Judges may also allow irrelevant evidence to be heard, dragging out cases. Employment Judge Goodman concluded a six-day discrimination case at London Central Employment Tribunal last year by saying that it had involved 2,500 pages in evidence bundles and much else that did “not directly concern the 12 allegations of detriment”.
Comment: Two cases, two comments by two judges. How long did this Times investigation take? But yeah, let’s scrap Employment Tribunals.
David Cameron doubled the qualification period for unfair dismissal from one to two years in employment. Lawyers warned that this might incentivise sacked workers to claim instead for discrimination or whistleblowing because employees retained the right to bring such claims from their first day at work. The latter cases take longer to hear than unfair dismissals.
Comment: Were those trade union lawyers? Or town hall lawyers? Have any of them since become one of the “59 new faces”? One minute, lawyers are bad, and the next minute they’re credible and quotable. It’s so hard to keep up.
Several claimants who brought discrimination cases and lost have told the Times that they genuinely believed they had been unfairly dismissed and would have claimed for that if the qualification time had been shorter.
Comment: Several people have told me that they genuinely believe that the Times is a paper of record.
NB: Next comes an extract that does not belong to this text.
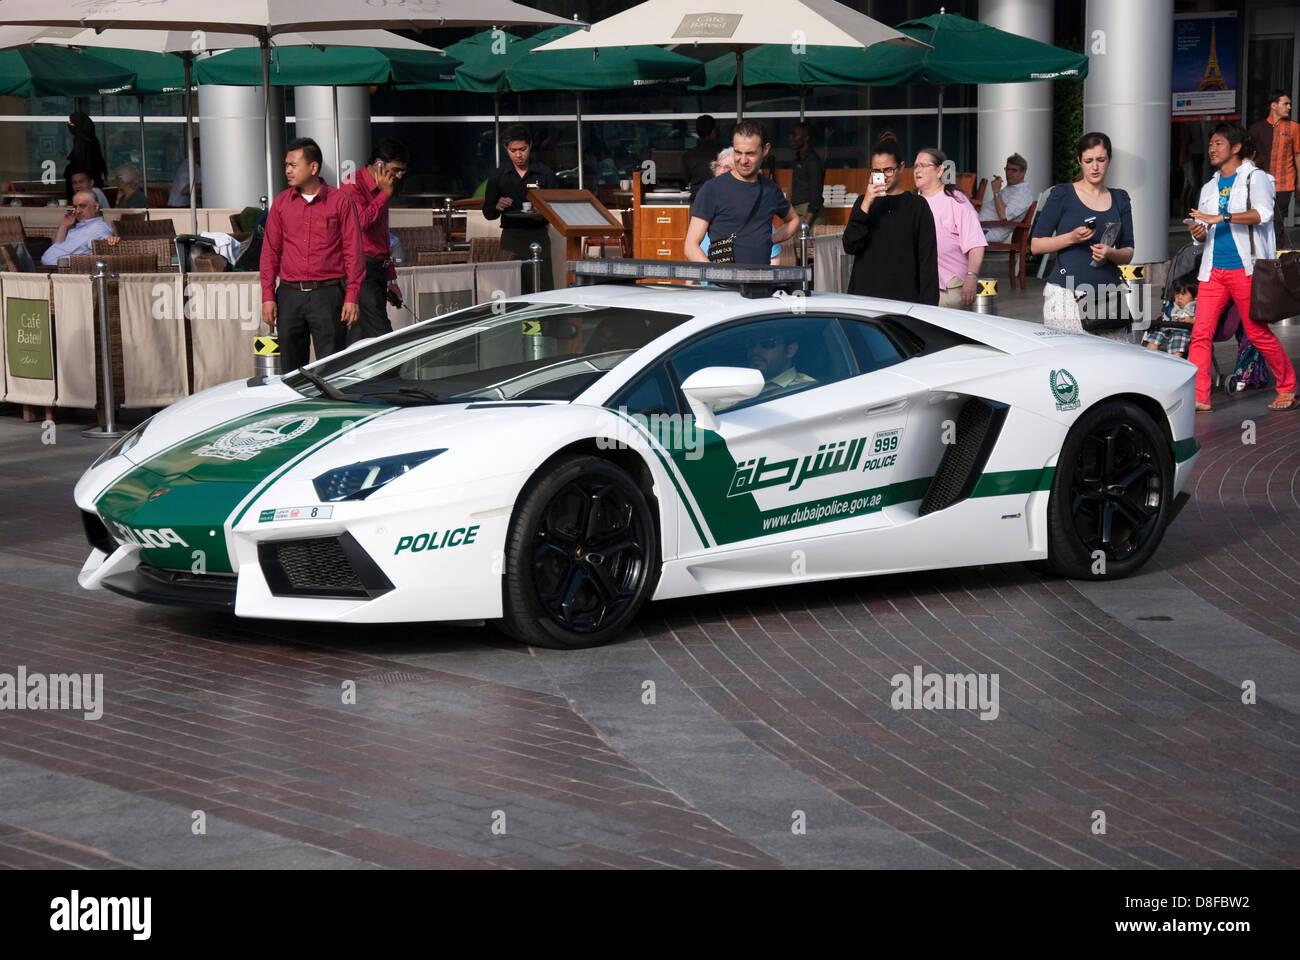 Dubai Police Lamborghini Aventador Lp700 4 Coupe Patrol

Many employers settle discrimination cases out of court rather than pay lawyers and risk reputational damage. Latest figures show that while 22 per cent of all tribunal cases result in early settlements negotiated by the conciliation service Acas, that rises to 46 per cent of sexual orientation claims, 41 per cent for disability and 36 per cent for sex discrimination.
Comment: Tribunal statistics may not mean what you think they mean. And, if you’re the Investigations Editor at the Times, they definitely don’t mean what you think they mean.
Employers are vulnerable to law suits launched to taint their image. Employment Judge Crosfill told East London Employment Tribunal in 2019: “Claims can be brought purely for the purpose of embarrassing another party.”
Comment: Show me a legal system for resolving disputes anywhere in the world that isn’t vulnerable to such action.
Employment judges have been seeking to expand their empire by requesting powers to hear all cases brought under equality law including disputes about goods, services, education and housing which are currently heard by county courts. The Council of Employment Judges formally pointed out to the Law Commission, which considers reforms, that they regarded themselves as “very experienced with equalities issues. Disability, for example. We are experienced in making disability work at the workplace, learning what disabled people can do, with reasonable adjustments. Think Paralympics. That experience is portable to other areas of equalities litigation.”
Comment: First Tony Blair, now the Paralympics.
The move raises the prospect that, as with employment issues, claimants could launch claims without having to pay the other side’s costs if they lose, resulting in a surge in complaints of discrimination against shops, landlords, hospitals, schools and universities.
Comment: On the other hand, this article raises no prospect of Dominic Kennedy winning an award for investigative journalism. Who knows, we might even see a repeat of what happened the last time I challenged an article in the Times about Employment Tribunals.